I'll first caution that this is a quick analysis of preliminary data, so giant mounds of salt should be taken with this. But all that said... Putting on my pundit hat, here are my big takeaways as we look ahead:
* If Klobuchar gets out after this, her voters are likely to split their support among everyone but Sanders. This could make NH more interesting, since Sanders seems to be in the lead there, but a few points of support for any of the three other major contenders would make it a virtual tie at this point.
* If we don't factor in Klobuchar or Yang, we end up with 4 candidates without a clear alignment. While some pundits are tempted to lump Biden and Buttigieg together as the moderates and Warren / Sanders as the progressives, there isn't as much overlap among their supporters as you'd expect from that simplistic view.
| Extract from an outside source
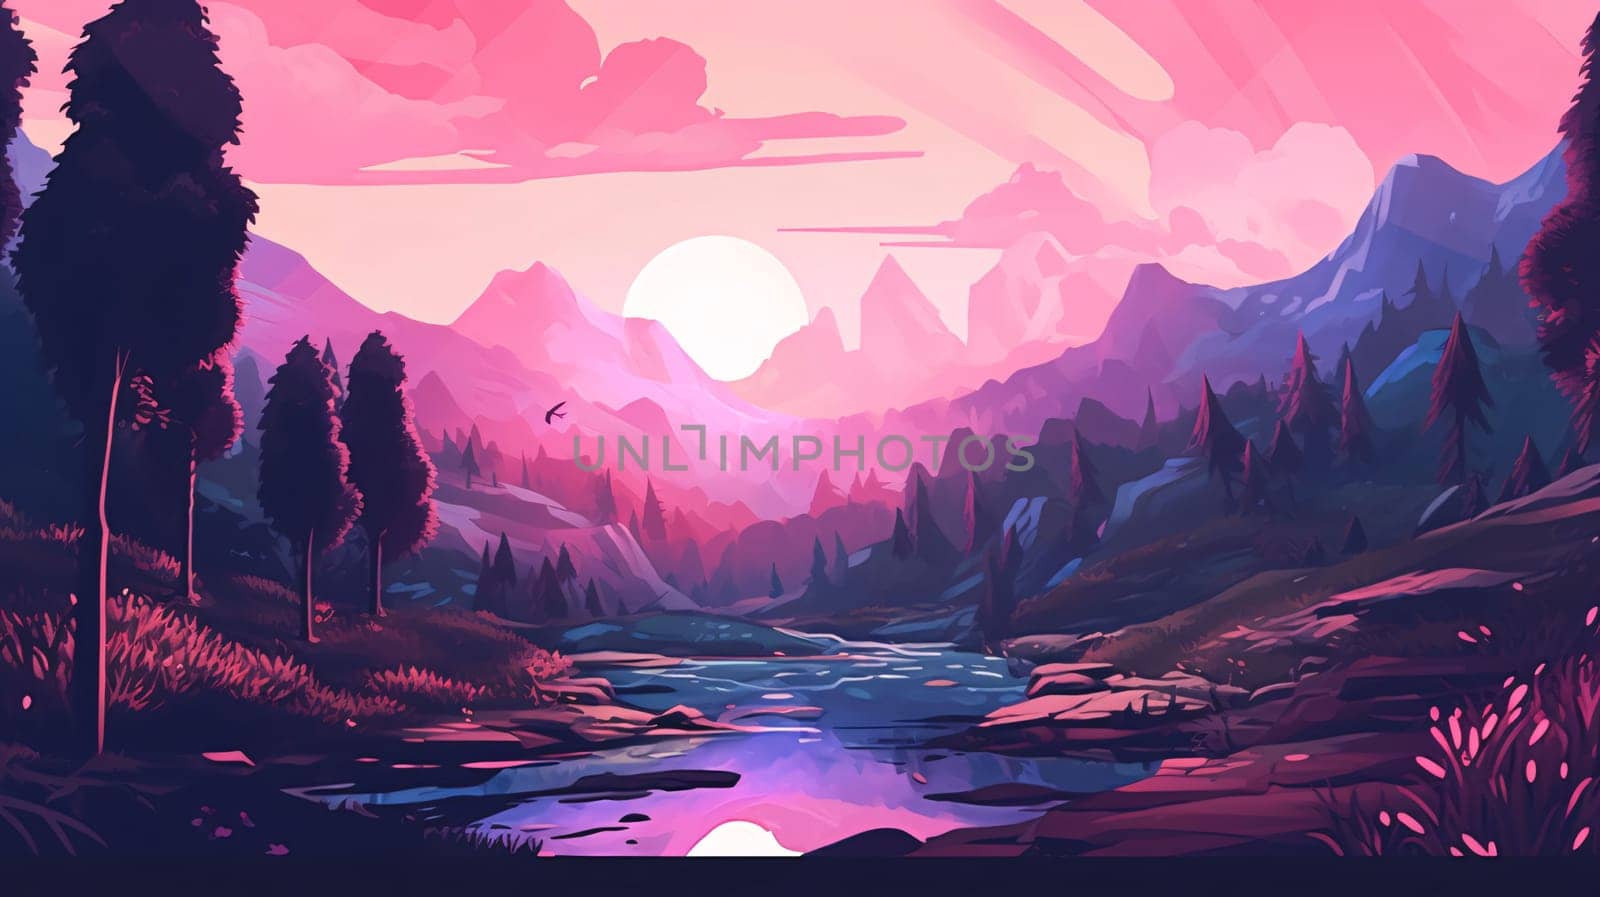 Banner: Landscape with mountains, river, forest and sunset. Vector illustration
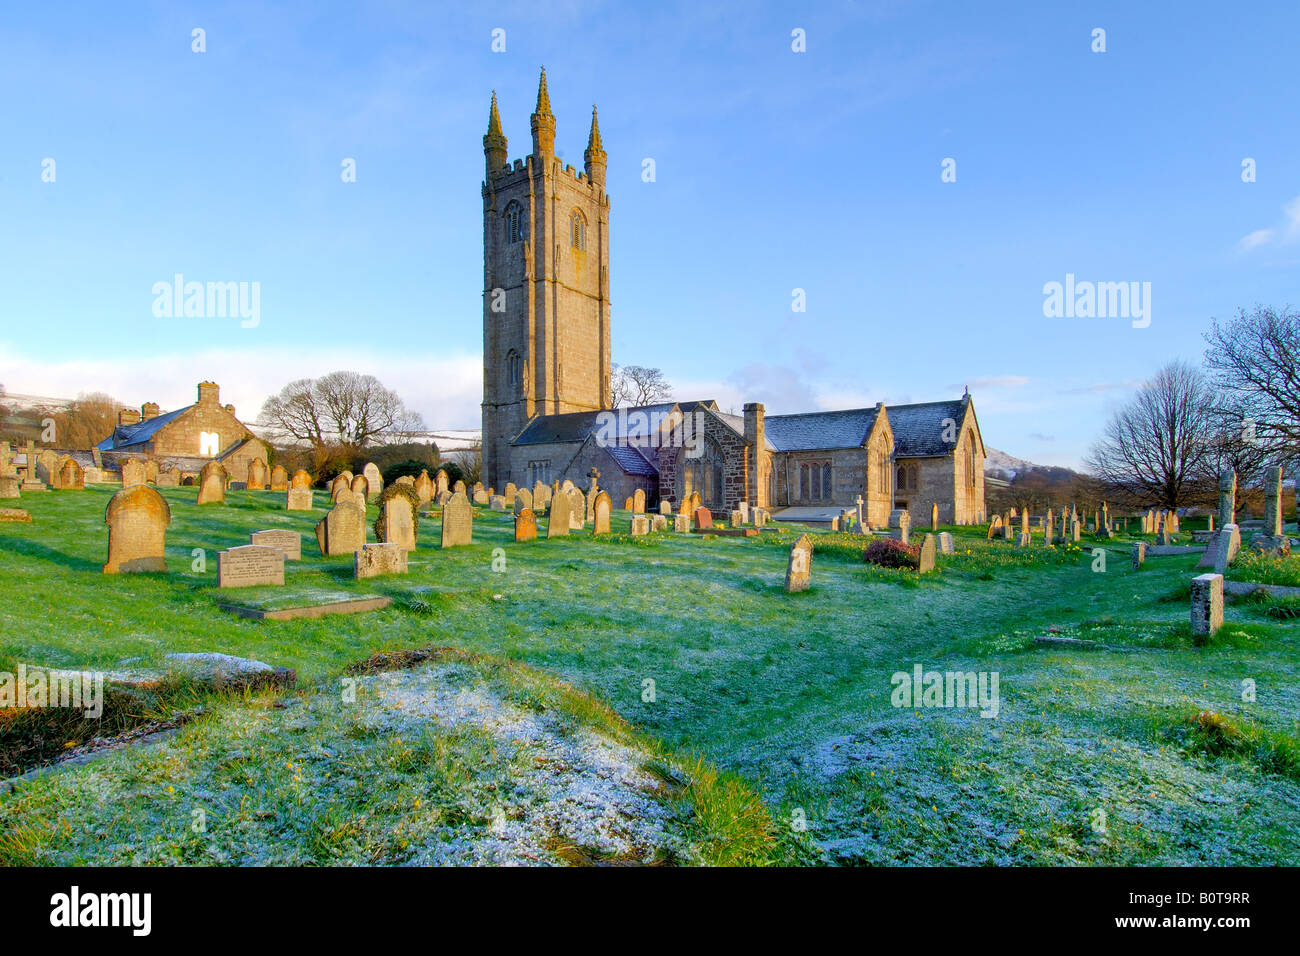 The Church of St Pancras at Widecombe in The Moor on Dartmoor first thing in the morning after a light overnight snowfall Stock Photo

* More generally, Joe Biden and Bernie Sanders are very few voters' second choices. So that could put a ceiling on their potential if/when the field narrows further. Buttigieg and Warren each do fairly well with a broader set of other candidates' supporters, so they could benefit more from other candidates dropping out. (Or at the very least, this should boost their potential VP credentials if they don't pull out a win in the primary---they don't seem to have particular negatives with specific other parts of the party.)